En cas d’urgence vitale, il faut appeler le Samu centre 15 pour le transfert de l'enfant à l'hôpital qui doit faire le signalement. En cas de danger important (forte suspicion de maltraitance avec auteur présumé au domicile de l'enfant), il faut organiser l’hospitalisation et le signalement au procureur de la République. Le médecin prévient le senior des urgences et s’assure de l’arrivée effective de l’enfant.
Après concertation, le médecin ou l’hôpital informe le procureur de la République par téléphone et adresse le signalement par fax et courrier (en gardant une copie du signalement).
Et quelles sont les préconisations en dehors des situations d’urgence ?

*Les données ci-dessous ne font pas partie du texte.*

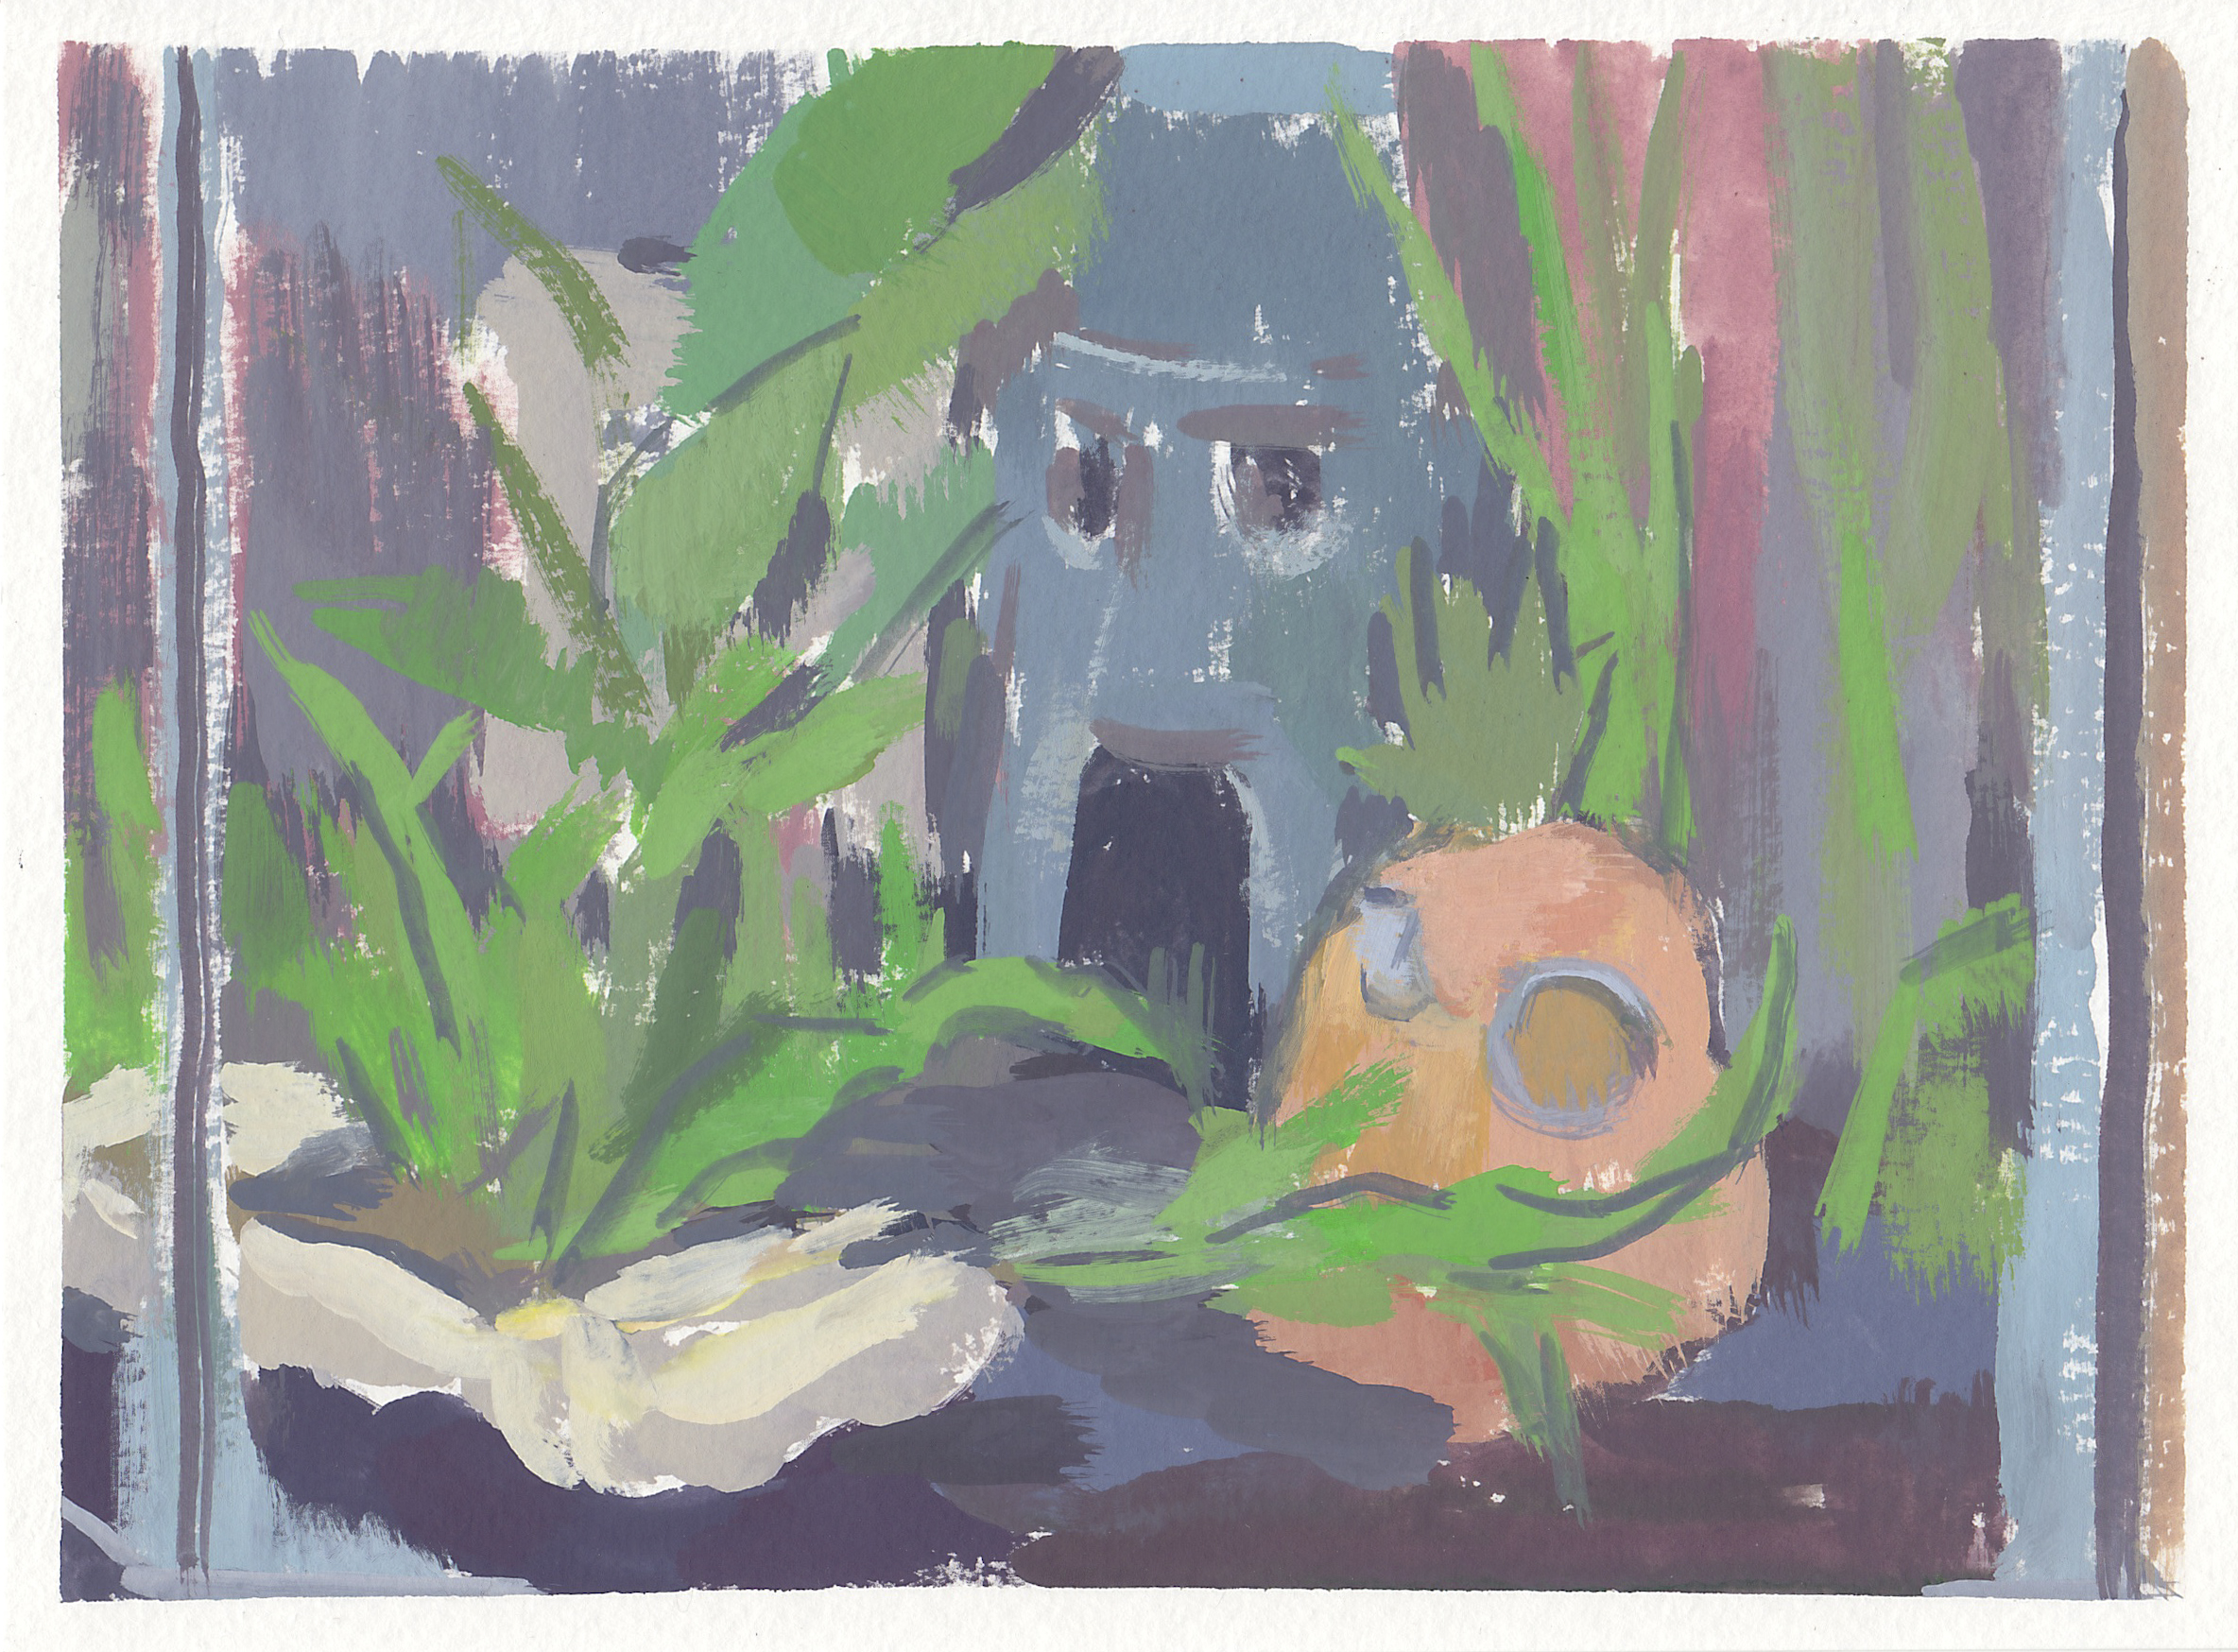 "spongbob fish tank   gouache on paper  7.5x5.5""  2017"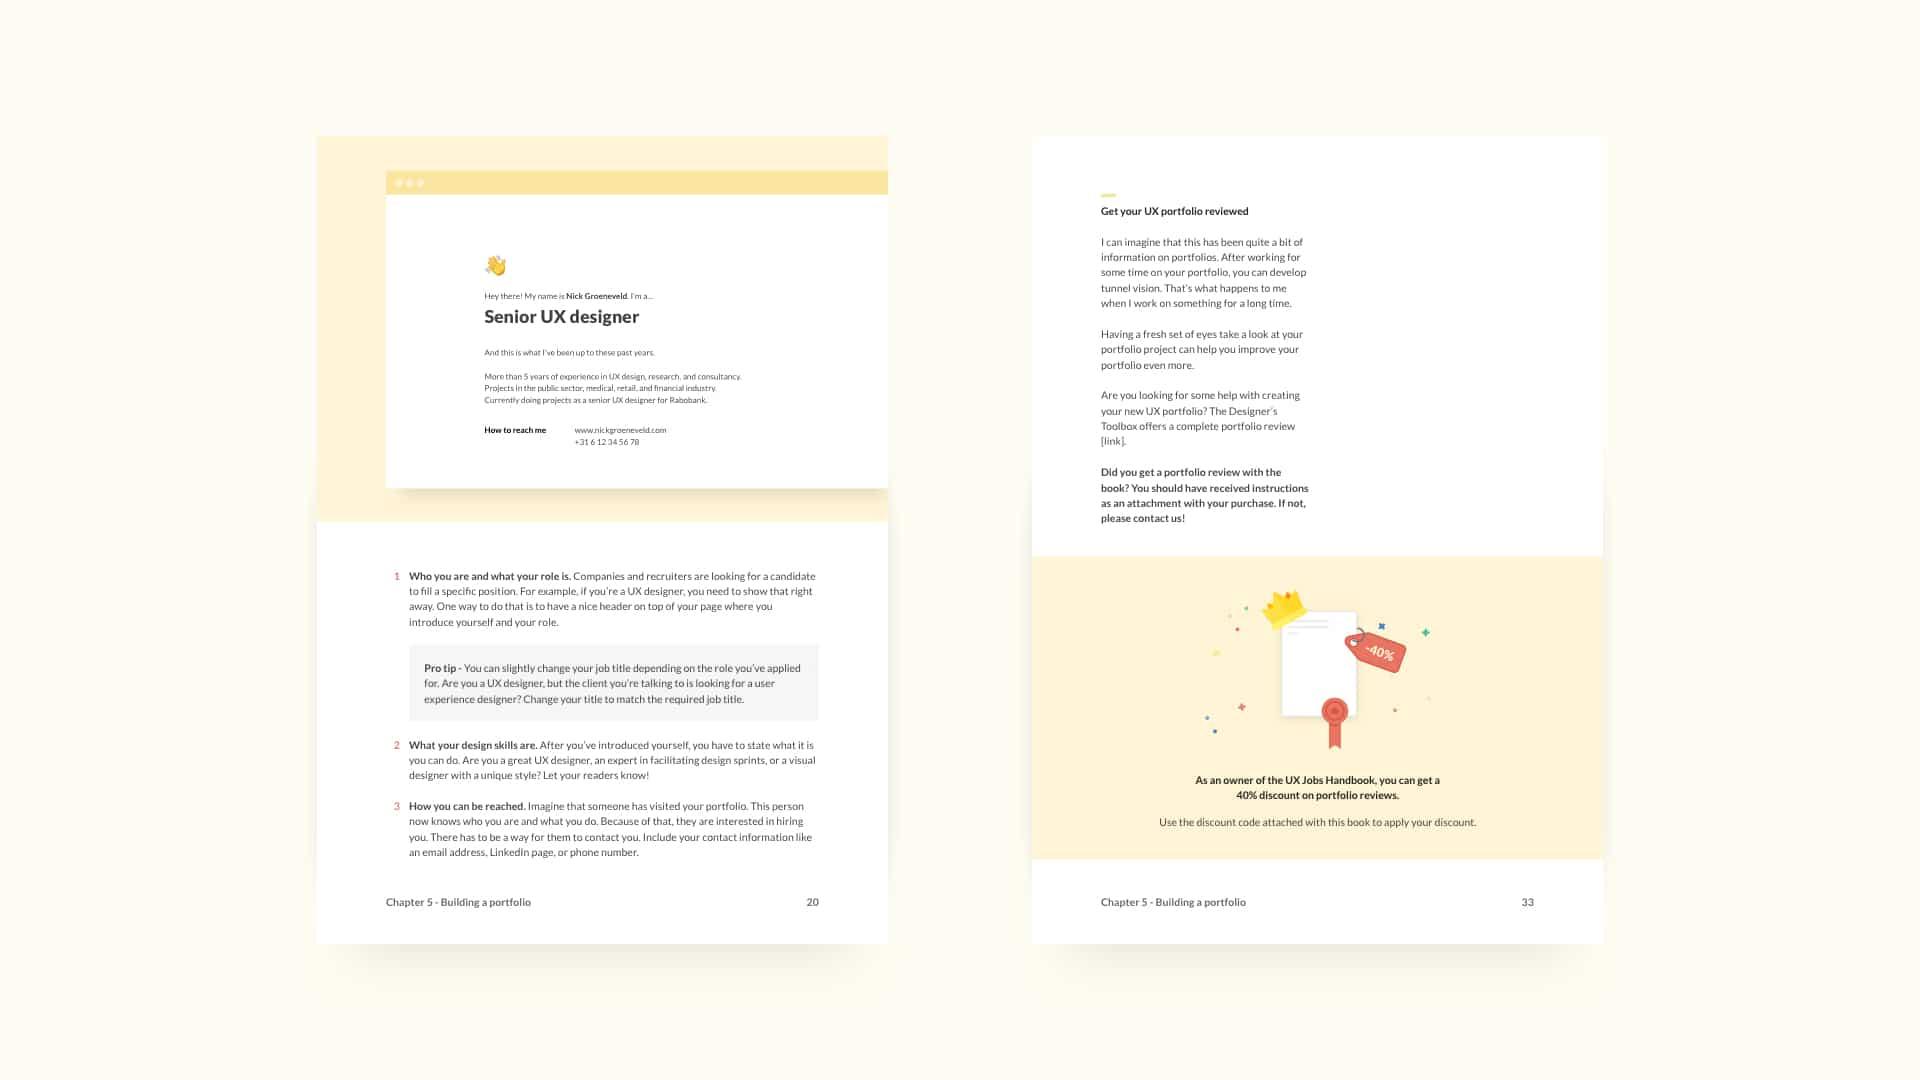 UX Jobs Handbook Overview Slide Three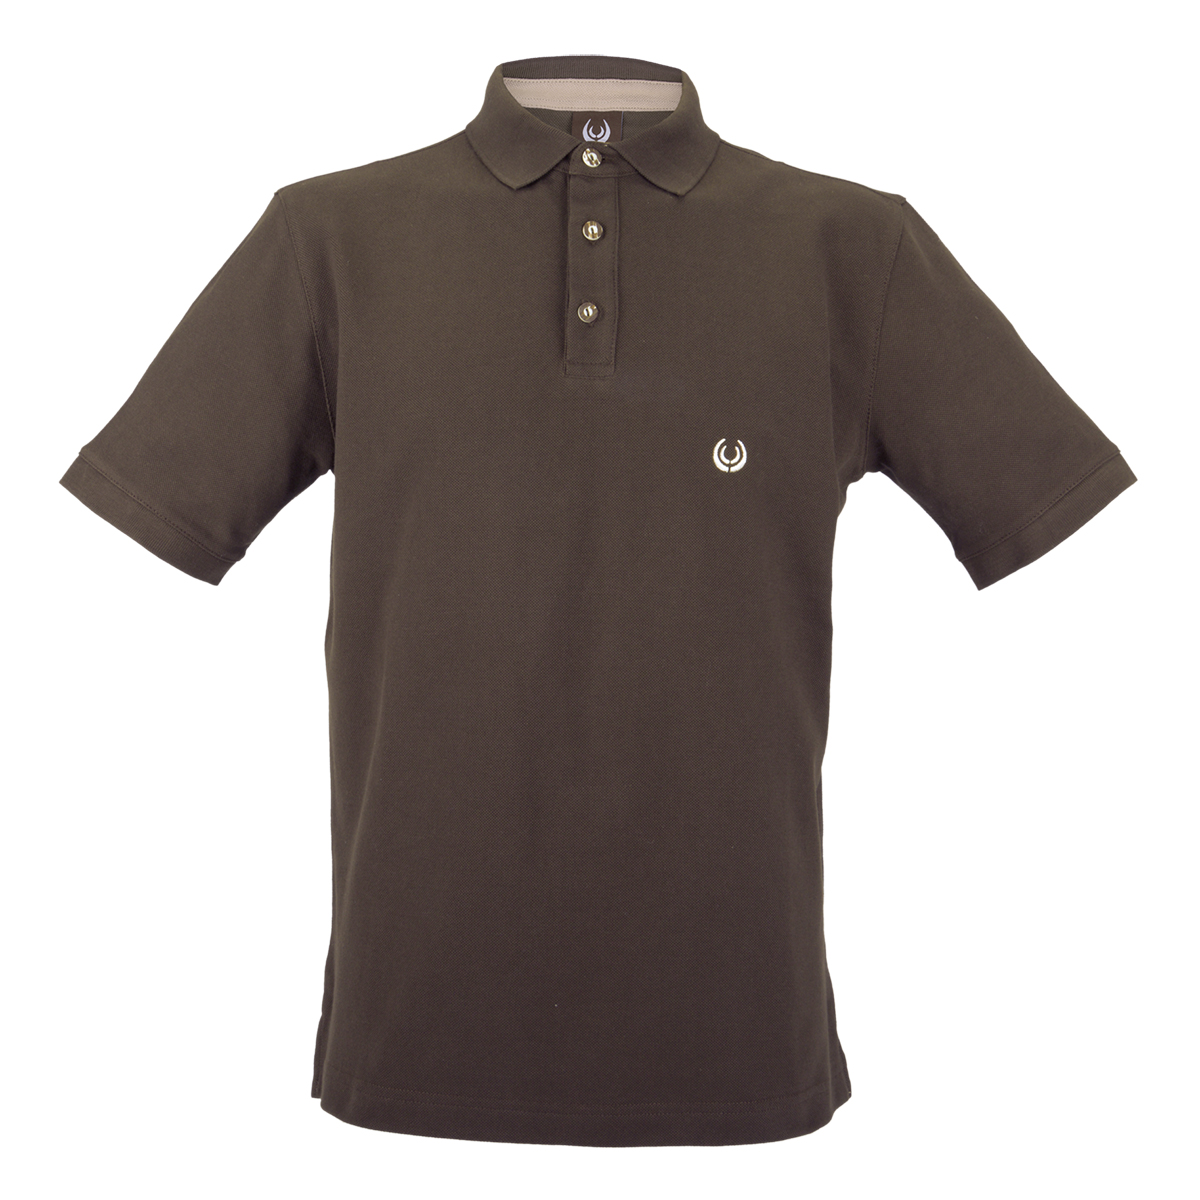 KEYLER Poloshirt Herren Dunkelbraun im Keylershop

Compte tenu de la complexité des situations d’enfants en danger et en risque de danger, il est essentiel que les réflexions se fassent de façon collégiale (travail en réseau incluant les médecins scolaire et de PMI). Ces situations relèvent de la compétence du conseil général et doivent faire l’objet d’une « information préoccupante » transmise à la Cellule départementale de recueil, de traitement et d’évaluation des informations préoccupantes (Crip) par téléphone et fax et/ou courrier. La Crip a également un rôle de conseil pour les professionnels.
Lorsqu’il y a suspicion de maltraitance, que faut-il rechercher et comment ?
• Examen clinique complet. Lorsque le médecin suspecte un état de maltraitance, un examen clinique complet de l’enfant dévêtu est réalisé : mesure des paramètres de croissance, évaluation du développement psychomoteur et des capacités de l’enfant, examen cutané (recherche de traces de violence sur l'ensemble du corps), examen des muqueuses, palpation généralisée (recherche de signes de fractures ou d’hémorragie interne par atteinte viscérale [défense abdominale, douleur, masse]…), observation du comportement de l’enfant et de son entourage durant l’examen clinique.
• Entretien avec l’entourage de l’enfant. Des questions ouvertes sont posées. L’objectif est de recueillir des informations concernant les antécédents médicaux personnels et familiaux, les événements de vie qui ont pu affecter l’enfant, le comportement habituel de l’enfant, l’environnement familial et la relation parents-enfant. Lors de l’entretien, il faut garder à l’esprit que l’accompagnateur peut être l’auteur des faits ou leur témoin passif.
• Entretien seul avec l’enfant dès que son âge le permet (et avec son accord). L’entretien commencera par des questions d’ordre général (relatives à l’école, à ses conditions de vie à la maison, ses loisirs, ses relations avec sa famille, ses copains). Il est recommandé de laisser l’enfant s’exprimer spontanément en privilégiant les questions ouvertes et en lui montrant qu’on croit sa parole. L’objectif est de préciser l’origine des lésions observées, tout en recherchant d’éventuelles discordances entre ces lésions et les explications données.
Enfin, un examen radiologique pourra être nécessaire, certaines caractéristiques des fractures étant évocatrices de maltraitance.